ATTN Nevada:
Ann Jensen
Medicaid Administrator
State of Nevada, Dept. of Health & Human Services; Division of Health Care Financing & Policy
1100 East William Street, Suite 101
Carson City, NV 89710
ajensen@nvha.nv.gov
Re: Urgent Request to Update and Correct Medicaid Payment Rates for Radiation Oncology Services – CPT® Codes 77387, 77402, 77407, and 77412
Dear Medicaid Administrator:
I am writing to you in my capacity as Chairman of R3 and CEO of RC Billing with clients in Nevada to express grave concern regarding the current Nevada reimbursement rates for essential radiation oncology treatment delivery and guidance services. These outdated rates are unsustainable, severely undermine the financial viability of providing high-quality radiation therapy, and place timely access to care at serious risk for Nevada beneficiaries who require this life-saving treatment for cancer if these facilities are forced to halt services.

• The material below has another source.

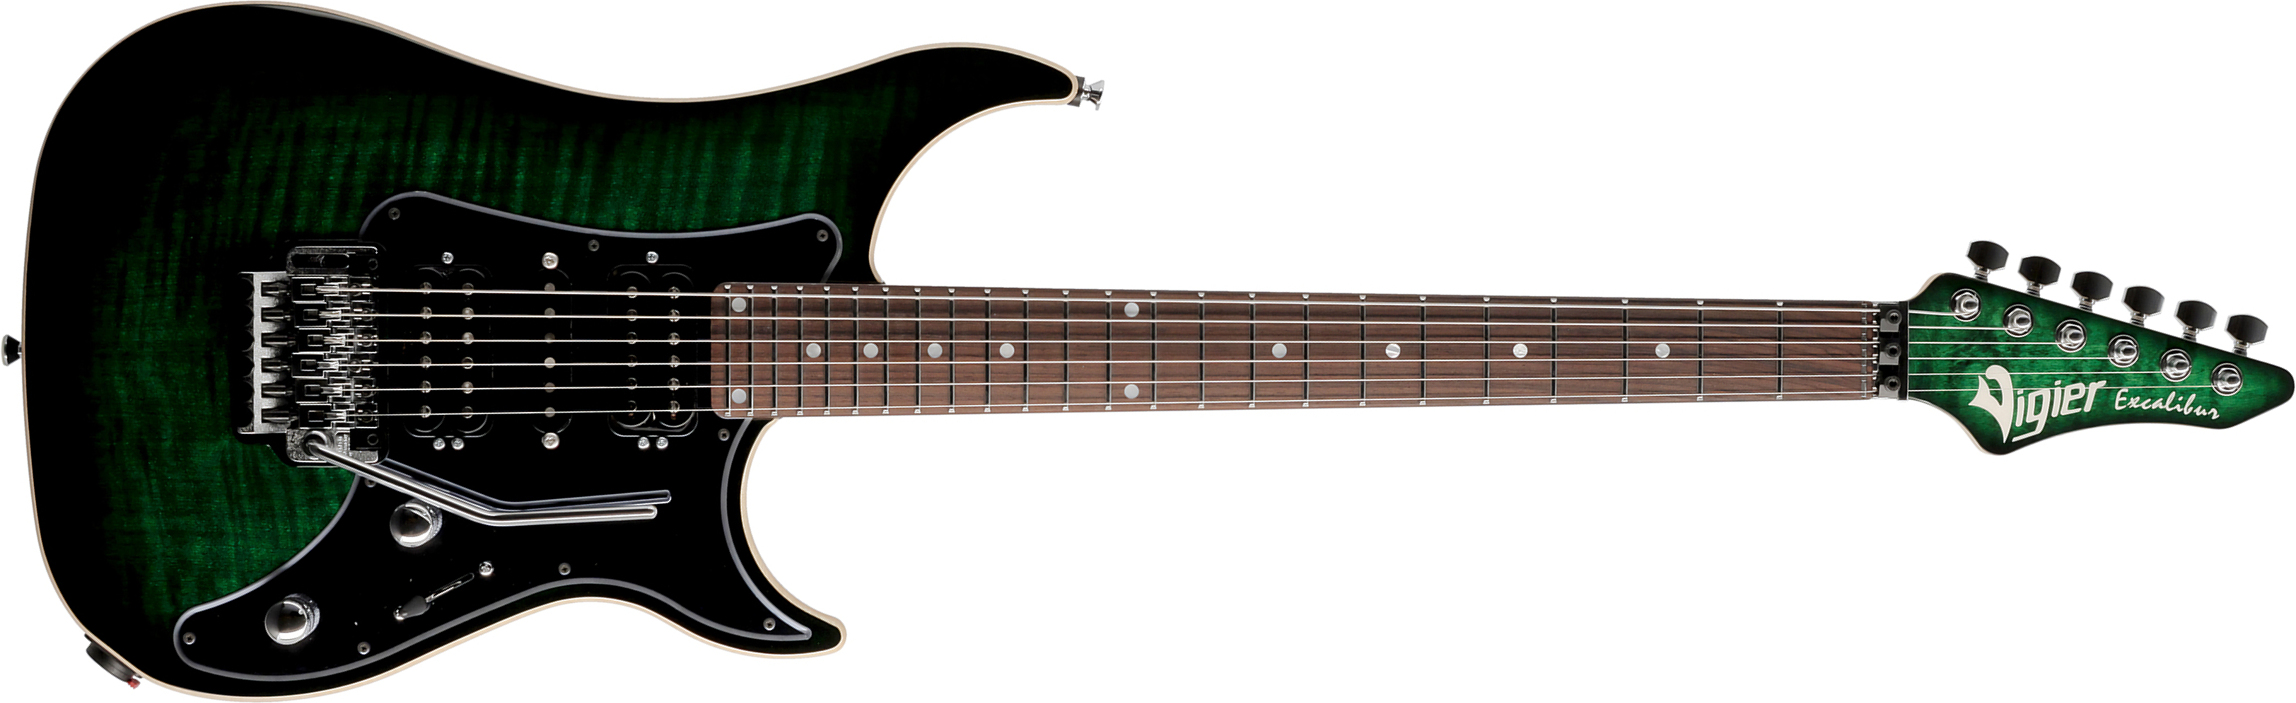 Vigier Excalibur Custom Hsh Fr Rw - Mysterious Green - Guitarra eléctrica con forma de str. - Main picture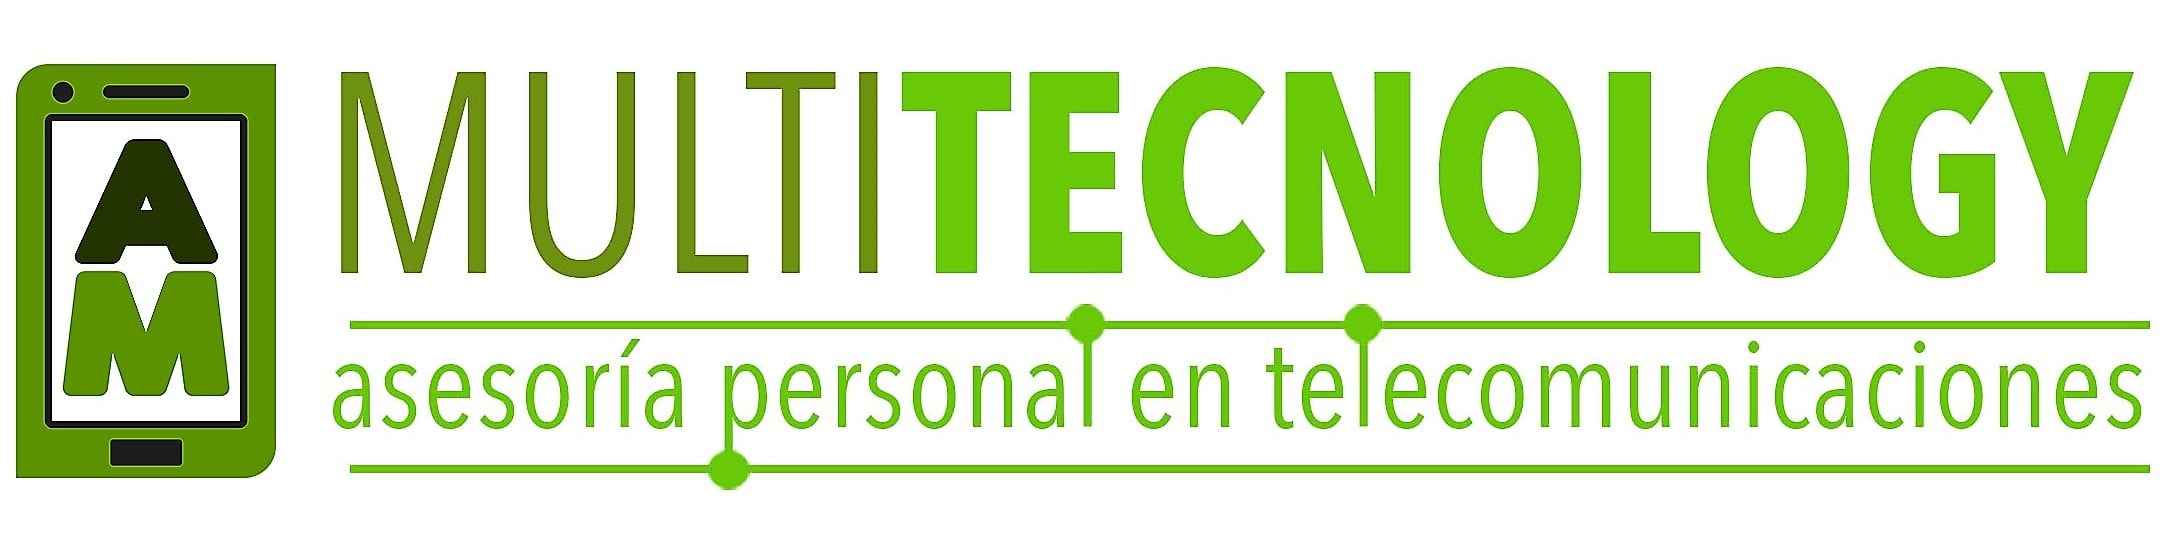 Asesoria Personal De Telecomunicaciones Multitecnology

The rates for the revised radiation treatment codes are as follows:
· CPT 77387 (IGRT): $ NOT LISTED ON FEE SCHEDULE
· CPT 77402 (Rad treatment delivery, Level 1): $147.79
· CPT 77407 (Rad treatment delivery, Level 2): $268.35
· CPT 77412 (Radtreatment delivery, Level 3): $254.74
These rates are catastrophically low and do not come close to covering the actual costs of delivering safe, precise, and effective radiation therapy. Radiation oncology requires substantial capital investment in linear accelerators, imaging systems, quality assurance, physics support, and highly trained clinical staff. At these reimbursement levels, practices cannot absorb the ongoing operational expenses, leading to reduced capacity, delayed treatments, or complete discontinuation of services for Nevada patients in many communities. This directly jeopardizes patient outcomes in a vulnerable population that already faces barriers to care.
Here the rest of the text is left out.